Диалог для Достоевского едва ли в той же мере ценен, как и для Бахтина; в «Бесах» он показывает, как диалоги могут стать «бесовскими» и как любая вотчина свободной воли может стать зоной влияния агентов-провокаторов. «Диалог» Верховенского и Ставрогина скрепляет их конспиративный пакт, который в данном случае заключается в укреплении самой теории заговора и в хранении тайны, состоящей в том, что никакой тайны в действительности не существует.

Дискуссии для Верховенского неприемлемы, а диалог — это лишь шаг к реализации его идеи революционного освобождения. Первый шаг — это «politique du pire», а точнее — тотальная дестабилизация реальности. Здесь Петр может применить шигалевский план рационального освобождения: «Каждый член общества смотрит один за другим и обязан доносом. Каждый принадлежит всем, а все каждому. Все рабы и в рабстве равны. В крайних случаях клевета и убийство, а главное — равенство. <…> Высшие способности <…> изгоняют или казнят. Цицерону отрезывается язык, Копернику выкалывают глаза, Шекспир побивается каменьями — вот шигалевщина!»[556] Мечтая об абсолютной свободе, Шигалев приходит к абсолютному деспотизму.

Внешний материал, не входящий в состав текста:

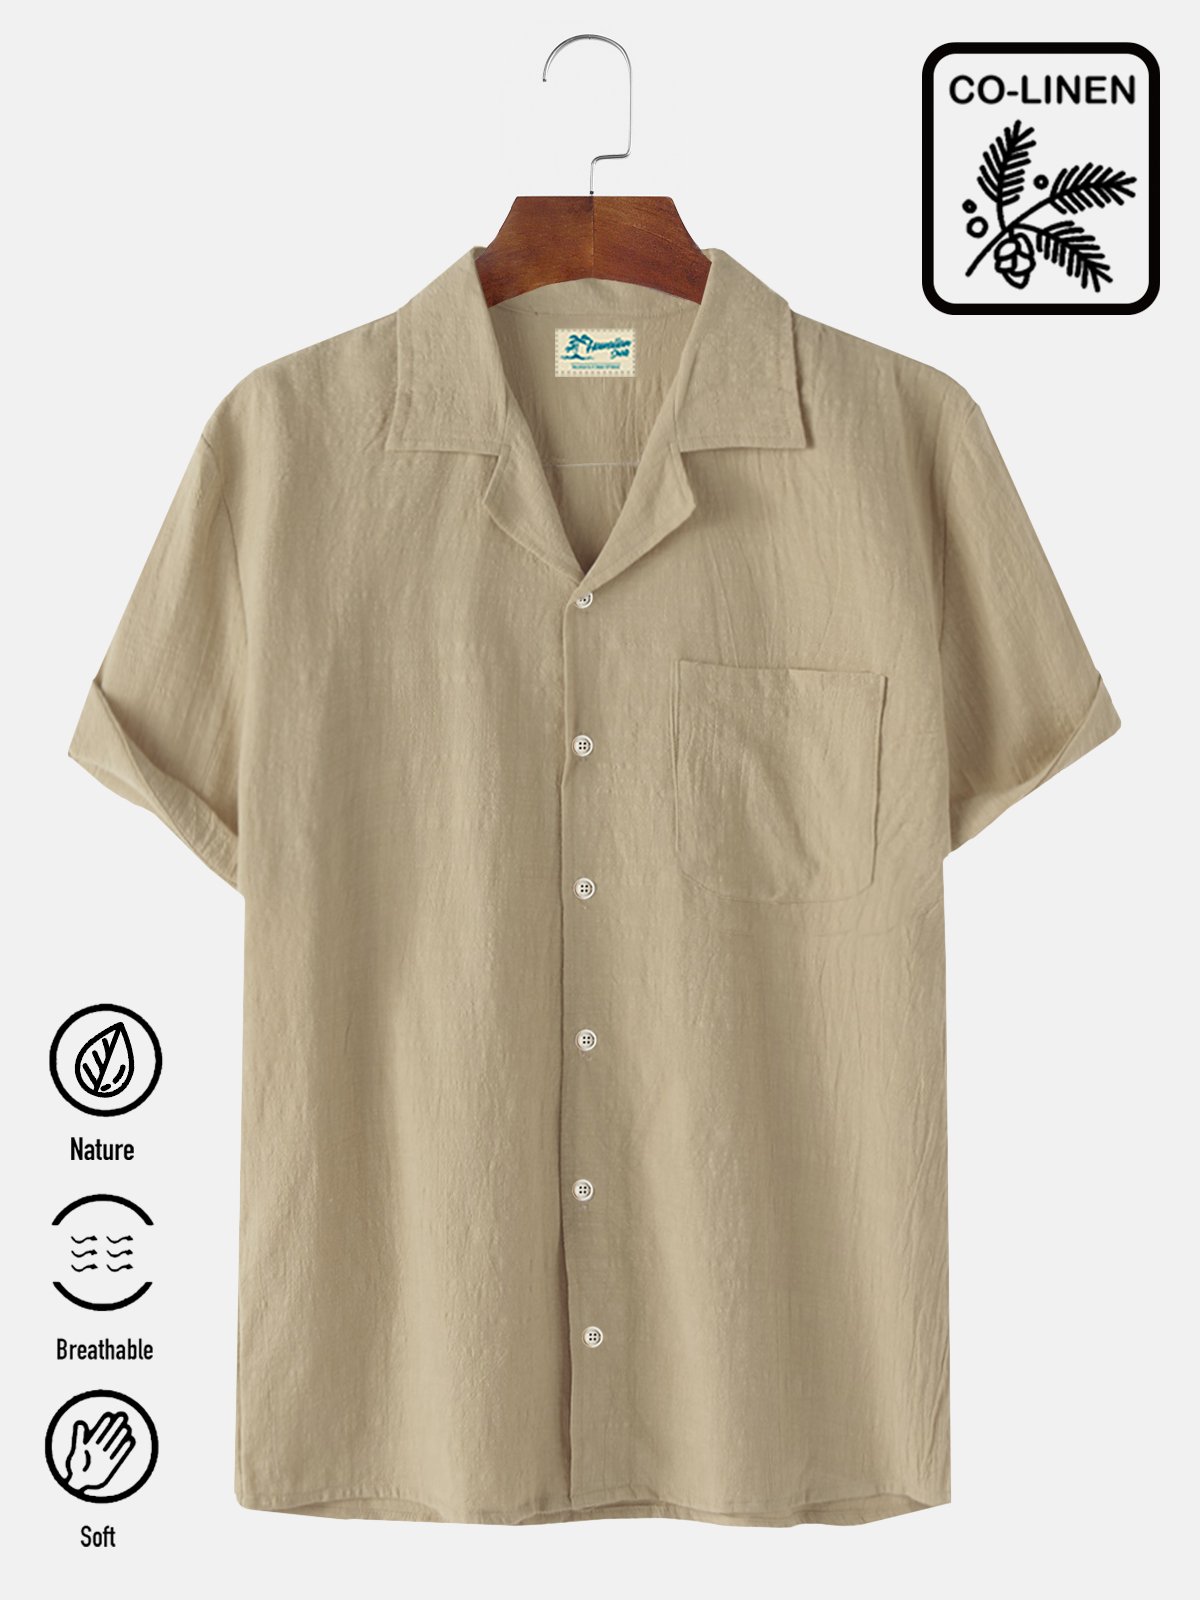 Royaura Solid Color Men's Natural Fiber Blend Camp Shirts Beach Vacation Casual Button Down Camp Shirts

После такого первого этапа Петр предполагает второй: спасение русской красоты с помощью прекрасного царевича Ставрогина, «но в стаде должно быть равенство, и вот шигалевщина»:

<…> Затуманится Русь, заплачет земля по старым богам… Ну-с, тут-то мы и пустим… Кого?

— Кого?

— Ивана-Царевича.

— Кого-о?

— Ивана-Царевича; вас, вас!

Ставрогин подумал с минуту.

— Самозванца? — вдруг спросил он, в глубоком удивлении смотря на исступленного. — Э! так вот наконец ваш план[557].

Логика заговора Петра состоит в том, чтобы шантажировать абсолютно всех и следить за тем, чтобы никто не оставался нетронутым и за пределами его конспиративной сети. Персонажи, которые не говорят на языке заговорщиков, — Шатов и Кириллов — «русские мальчики» «с ореолами жертв», не застрахованы от соблазна освобождения, превратившегося в деспотизм. Достоевский так описывает уготованную им возможную западню: «в моем романе „Бесы“ я попытался изобразить те многоразличные и разнообразные мотивы, по которым даже чистейшие сердцем и простодушнейшие люди могут быть привлечены к совершению такого же чудовищного злодейства. Вот в том-то и ужас, что у нас можно сделать самый пакостный и мерзкий поступок, не будучи вовсе иногда мерзавцем!» Шатов и Кириллов попали в паутину; их идеализм и серьезная, самоотверженная натура не дают противоядия от конспиративной фантасмагории. В романе оба героя погибают: один падет жертвой коллектива, другой — сам принесет себя в жертву. Единственный из реально оставшихся в живых — рассказчик Горлов — человек умеренных взглядов и весьма редкий в художественном мире Достоевского повествователь.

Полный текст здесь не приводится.